AVAILABLE DATA ▸
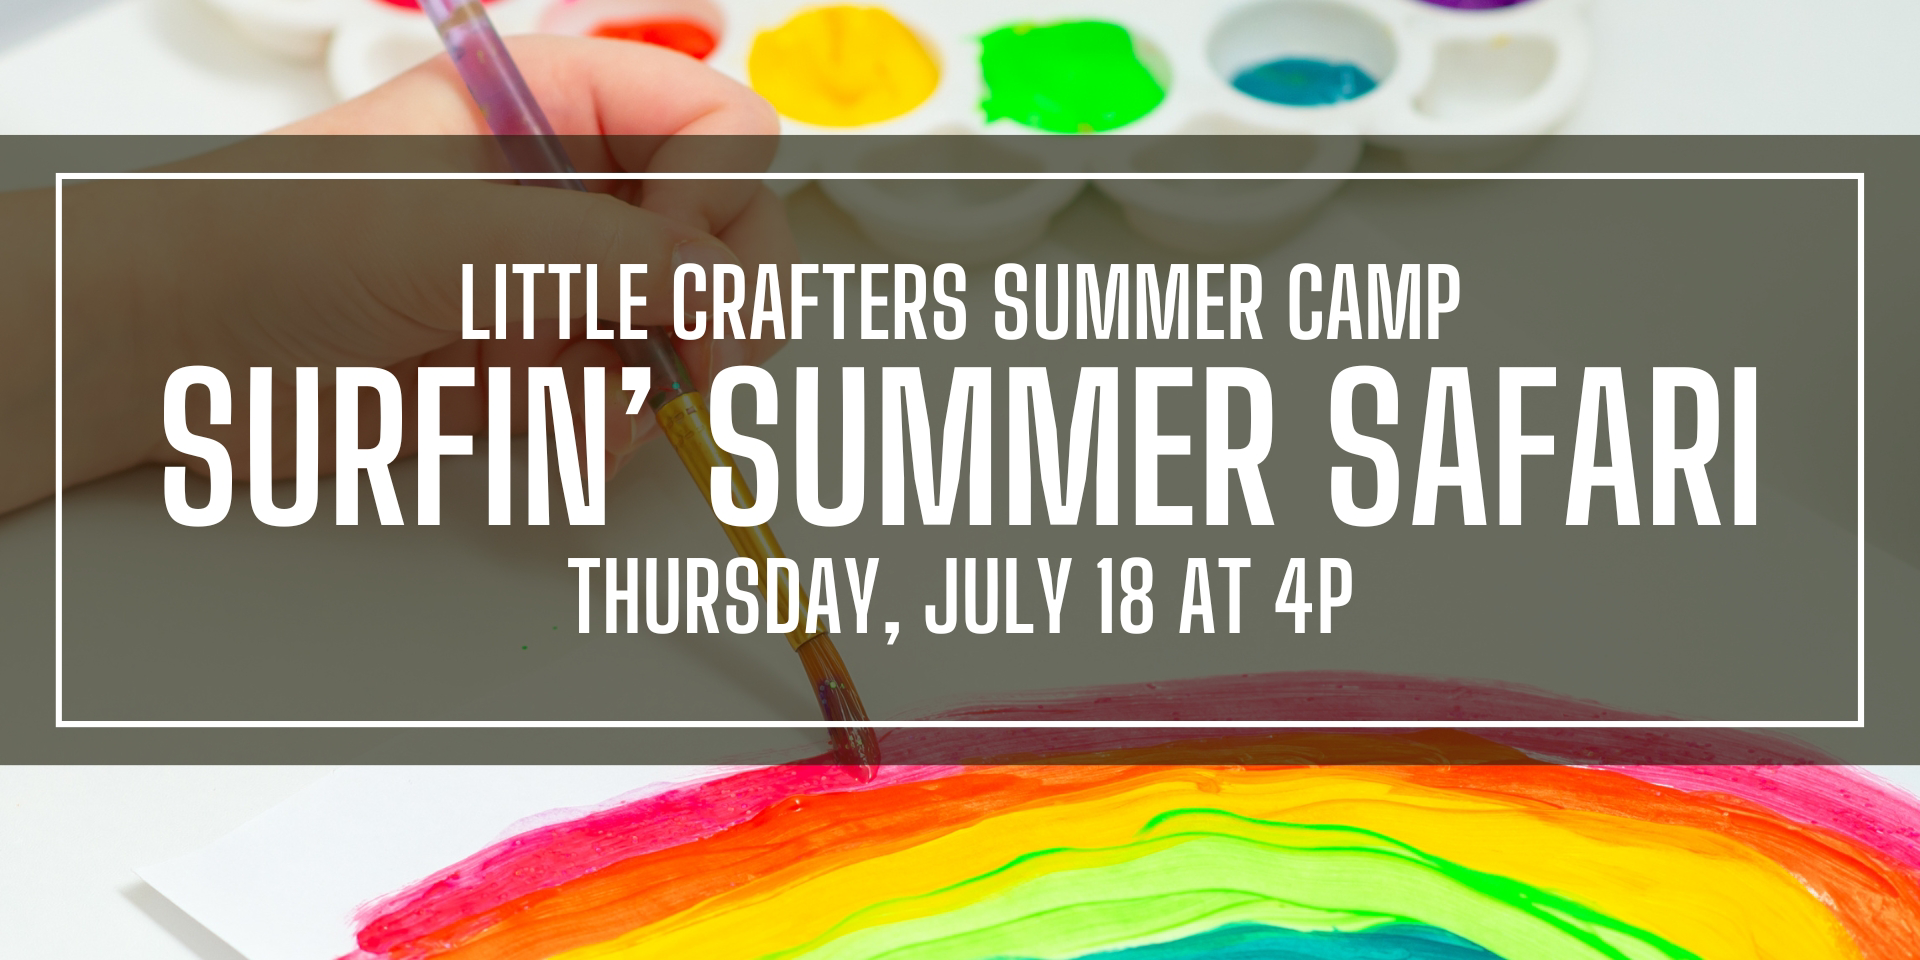 Little Crafters Summer Camp: Sufin' Summer Safari
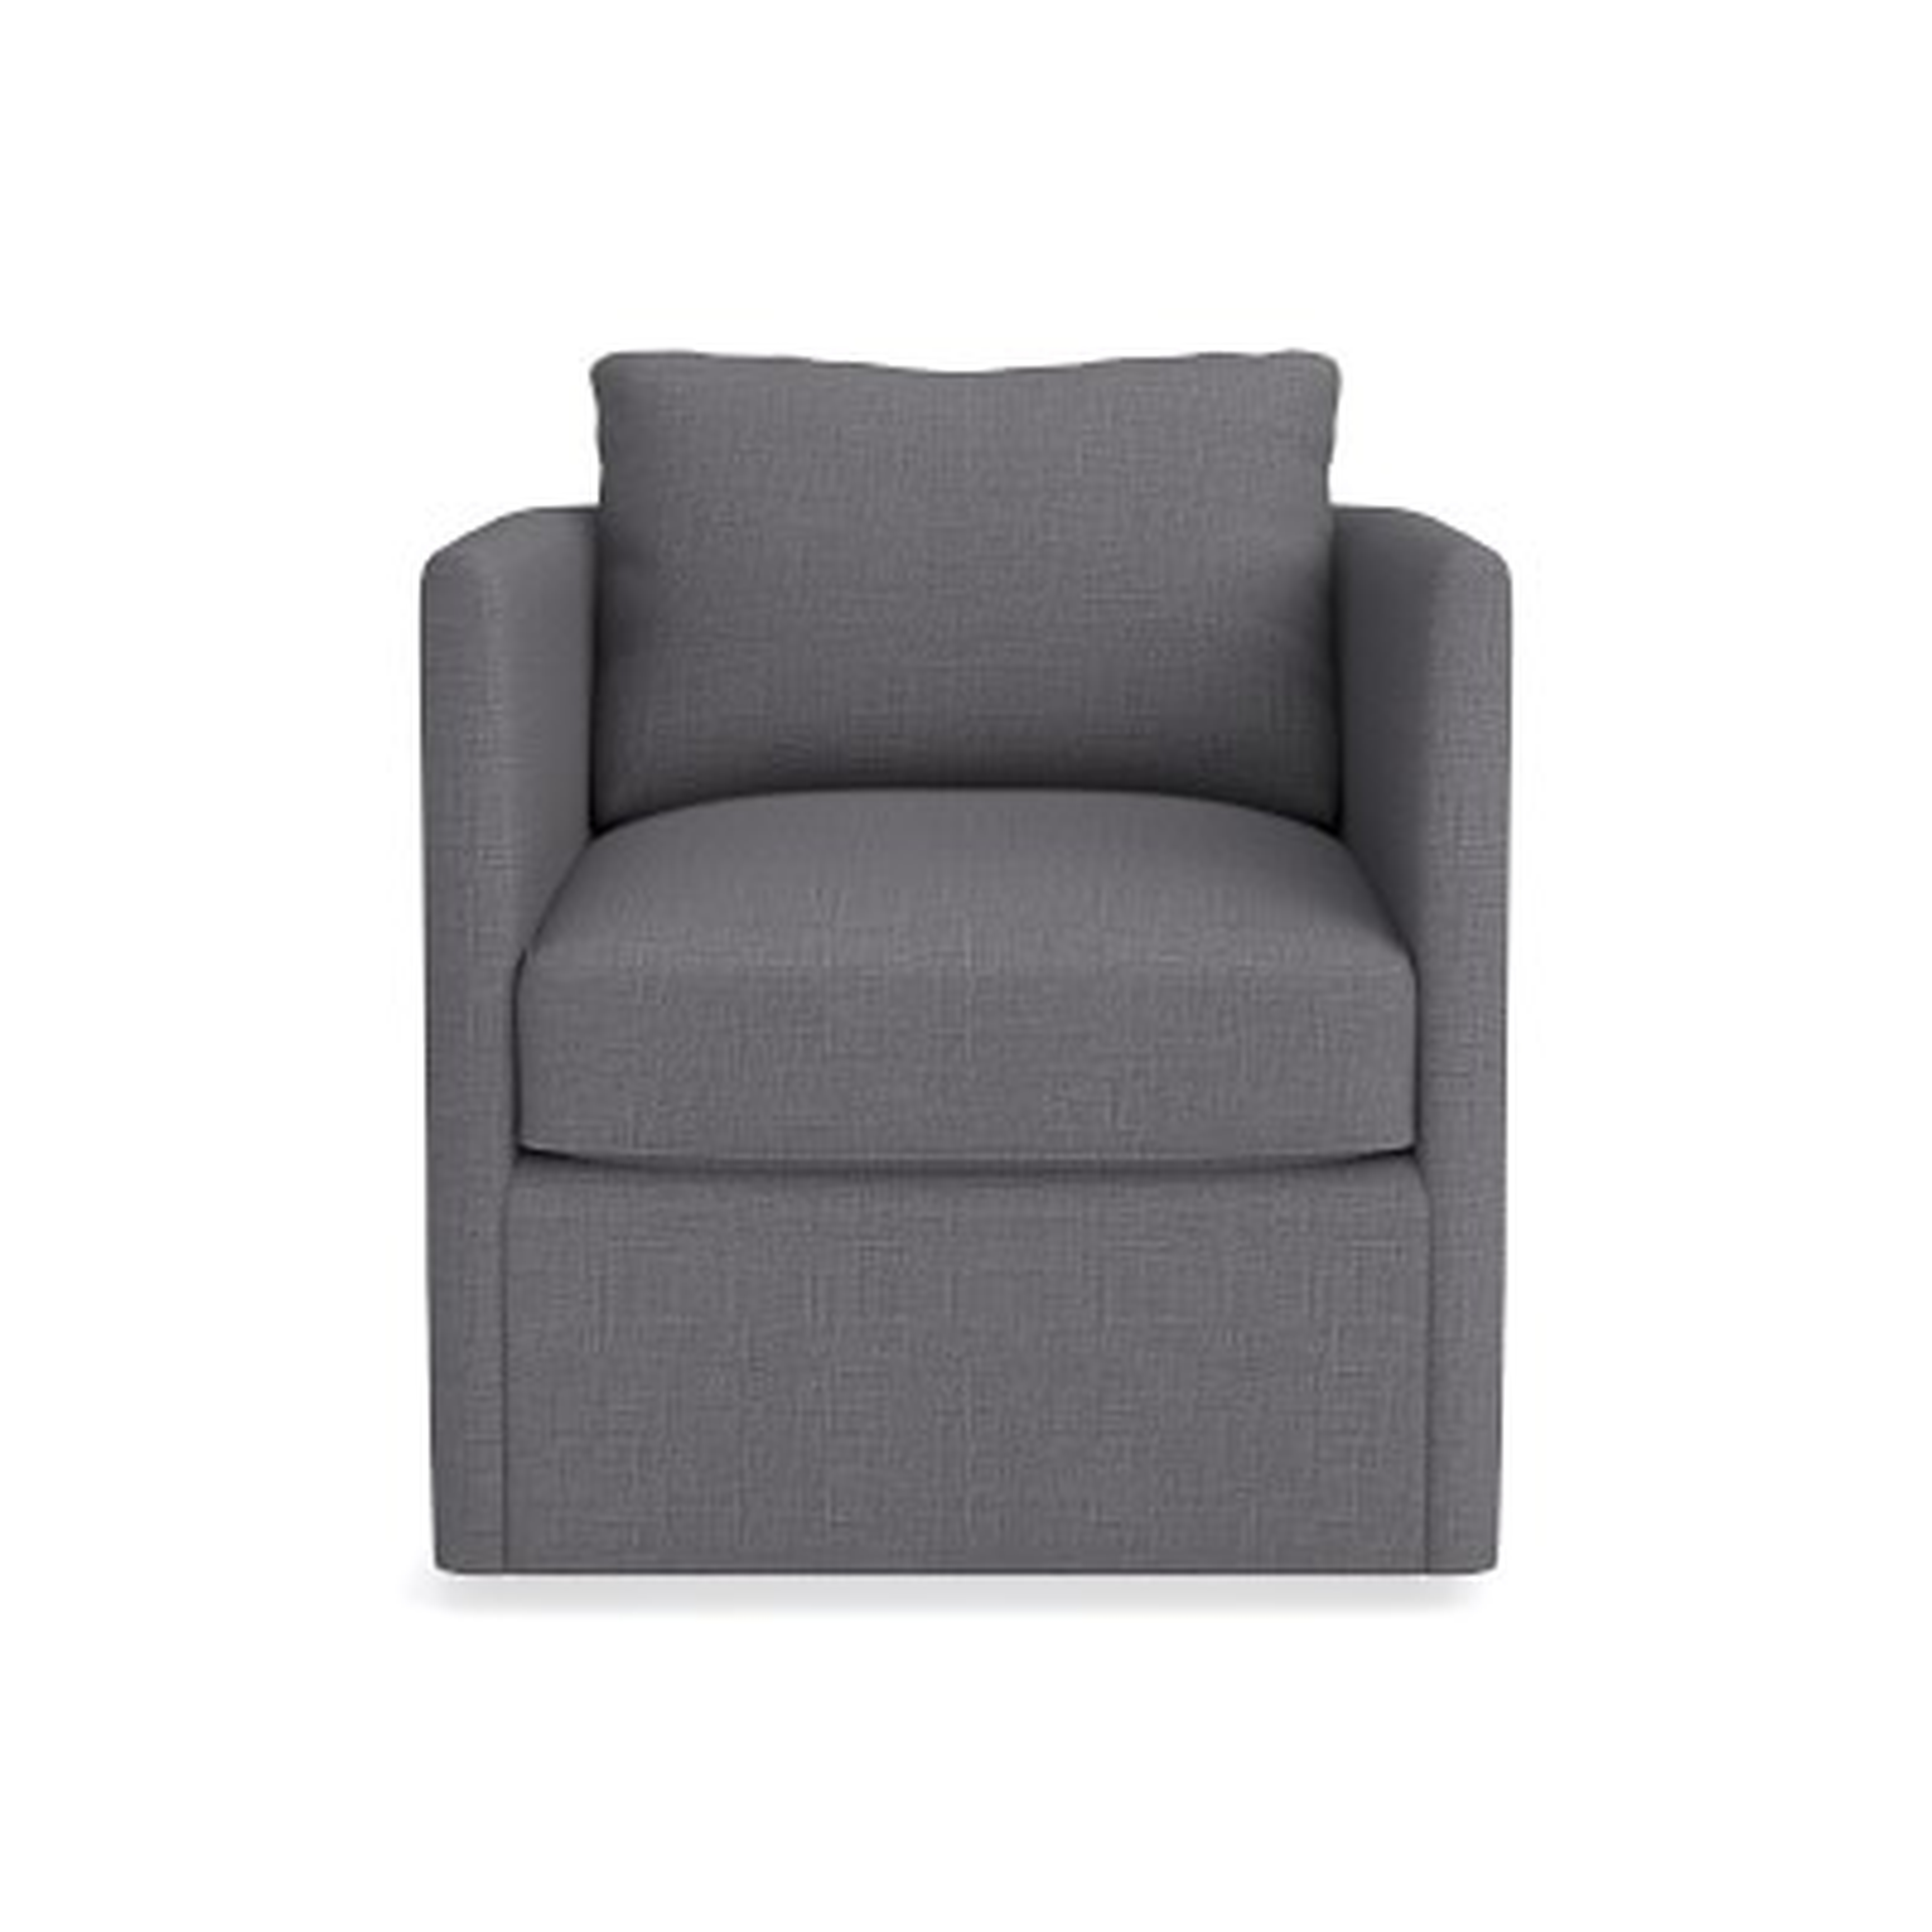 Naples Swivel Chair, Textured Linen/Cotton, Charcoal - Williams Sonoma
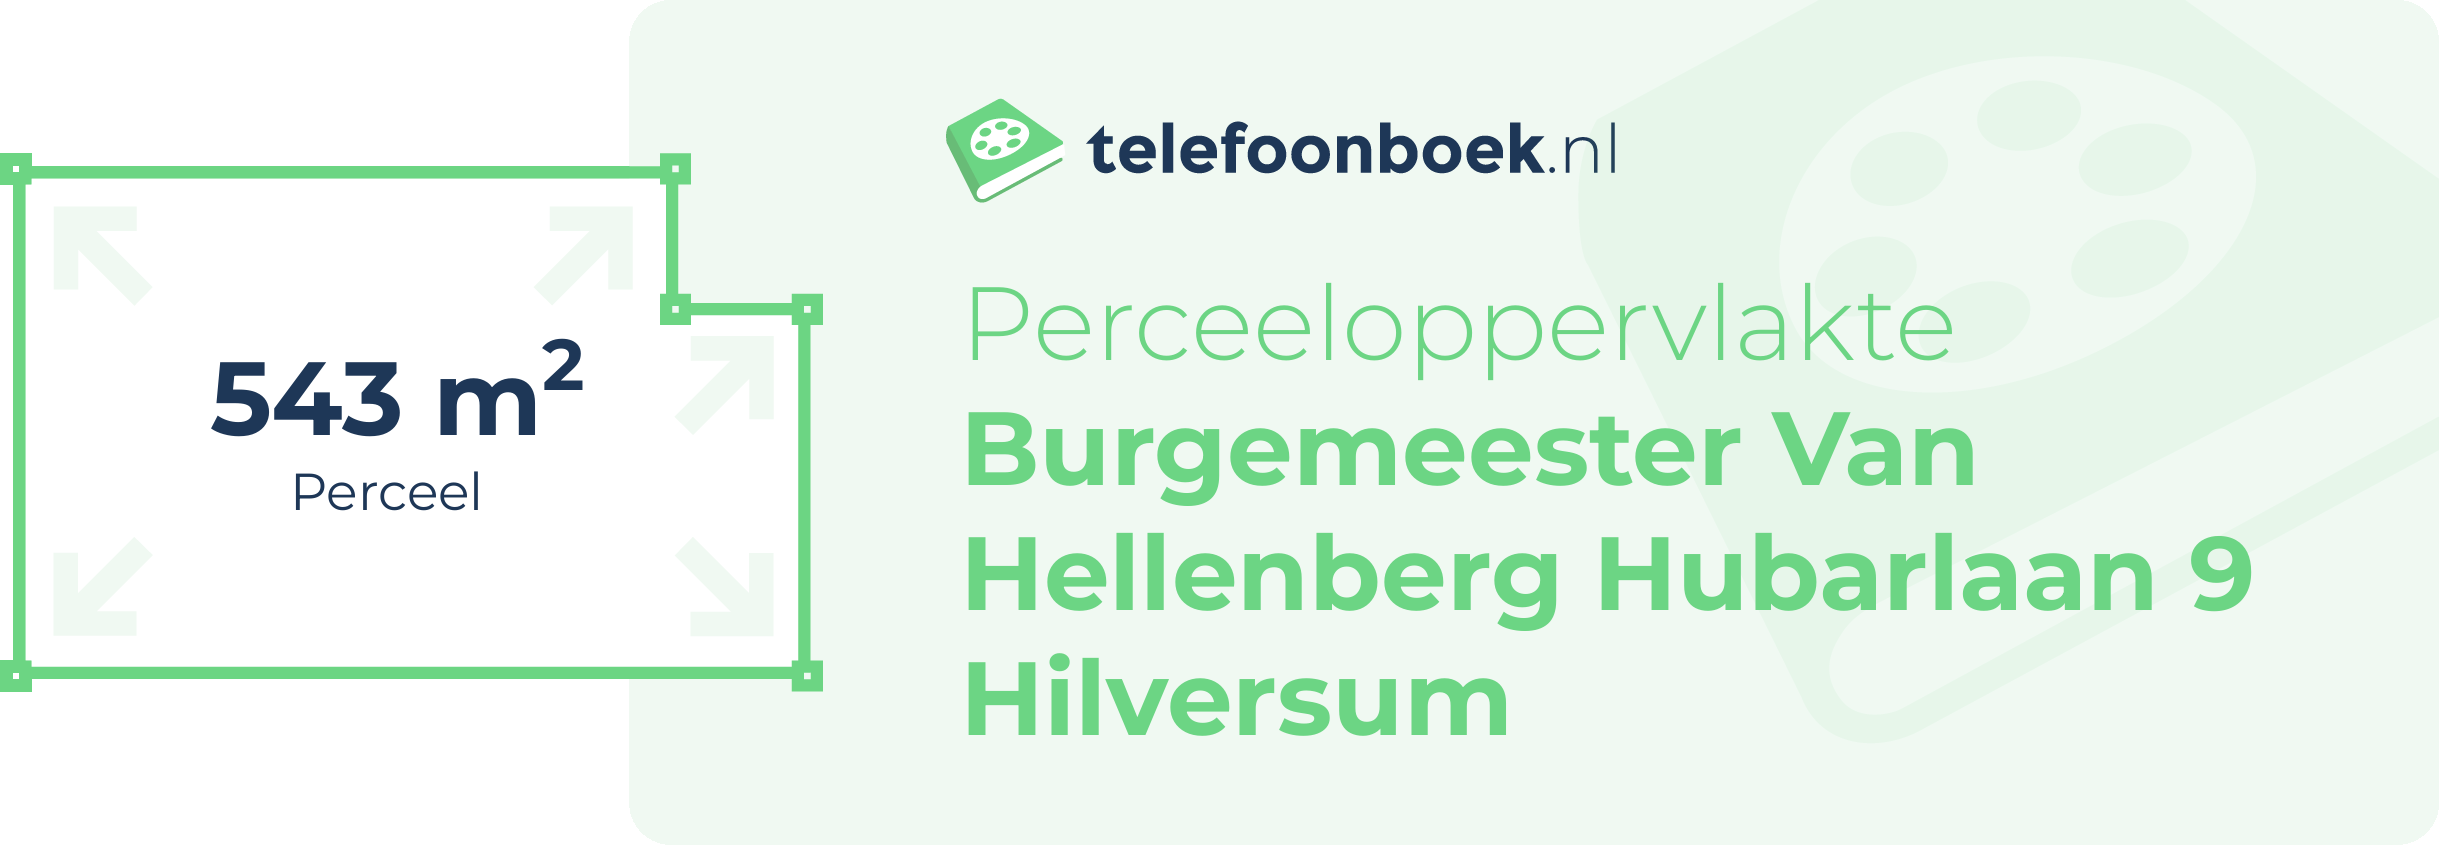 Perceeloppervlakte Burgemeester Van Hellenberg Hubarlaan 9 Hilversum
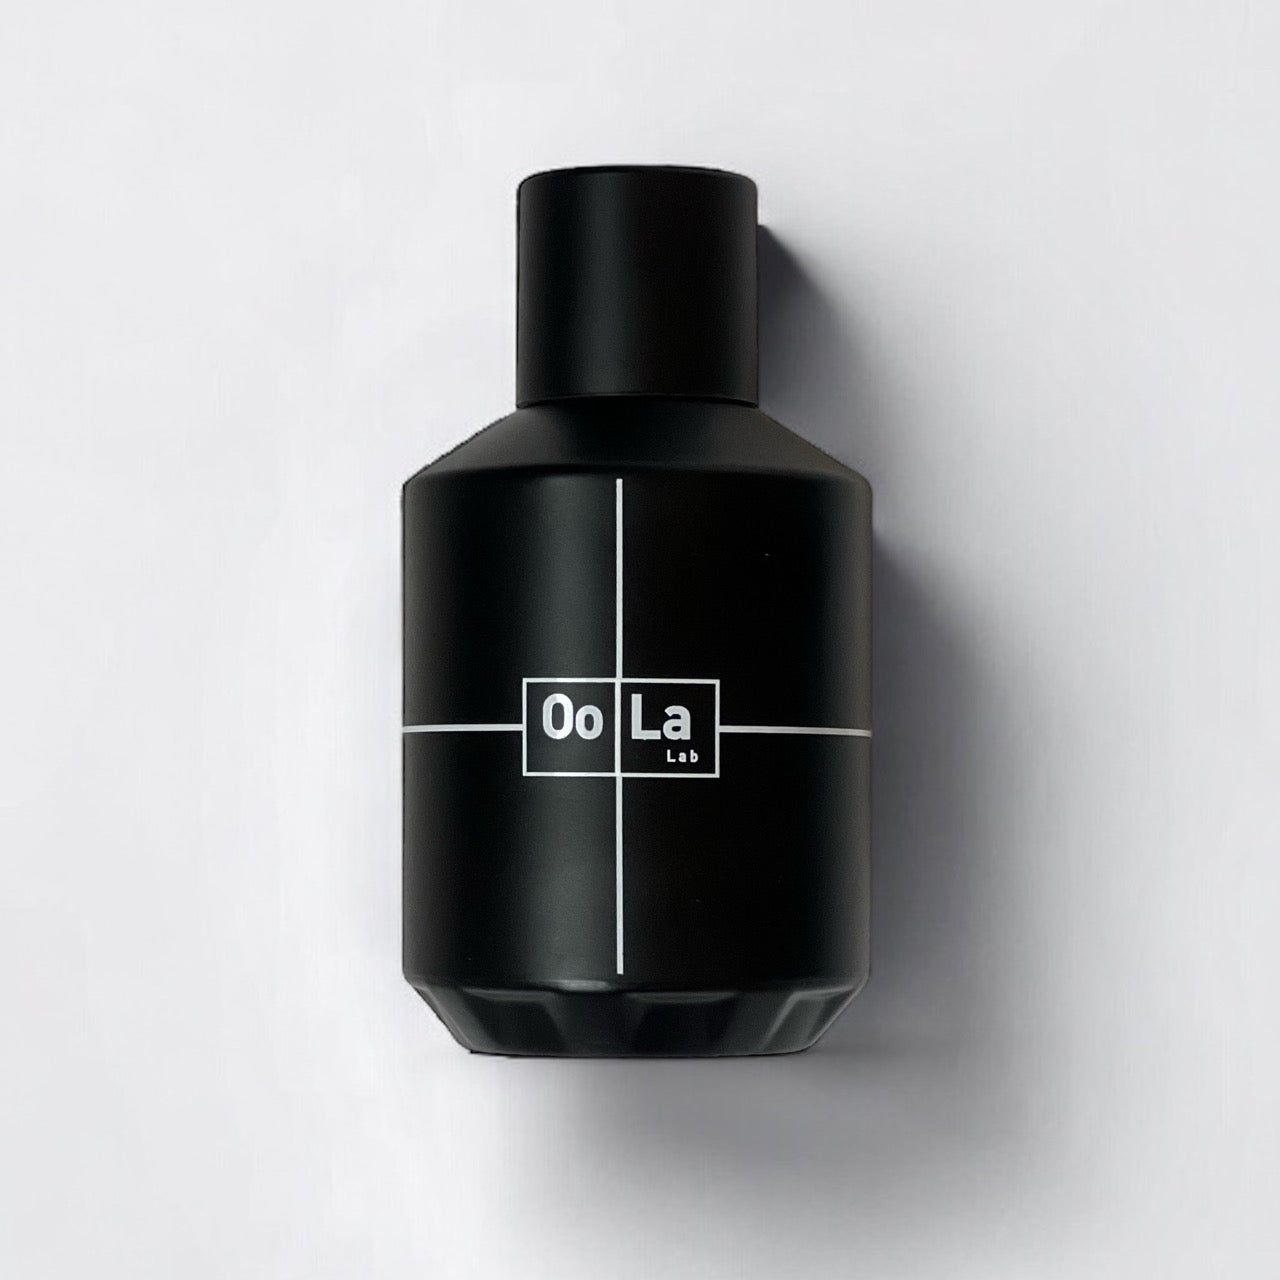 SKIN Eau de Parfum (100ml) - Oo La Lab

HOW TO COMPLETE THIS TASK ▸ If a picture falls within the lines from the one containing "Perceeloppervlakte Burgemeester Van" through the end of the material, leave it out while repeating those lines exactly.

TASK RESULT ▸
 Perceeloppervlakte Burgemeester Van Hellenberg Hubarlaan 9 Hilversum
 SKIN Eau de Parfum (100ml) - Oo La Lab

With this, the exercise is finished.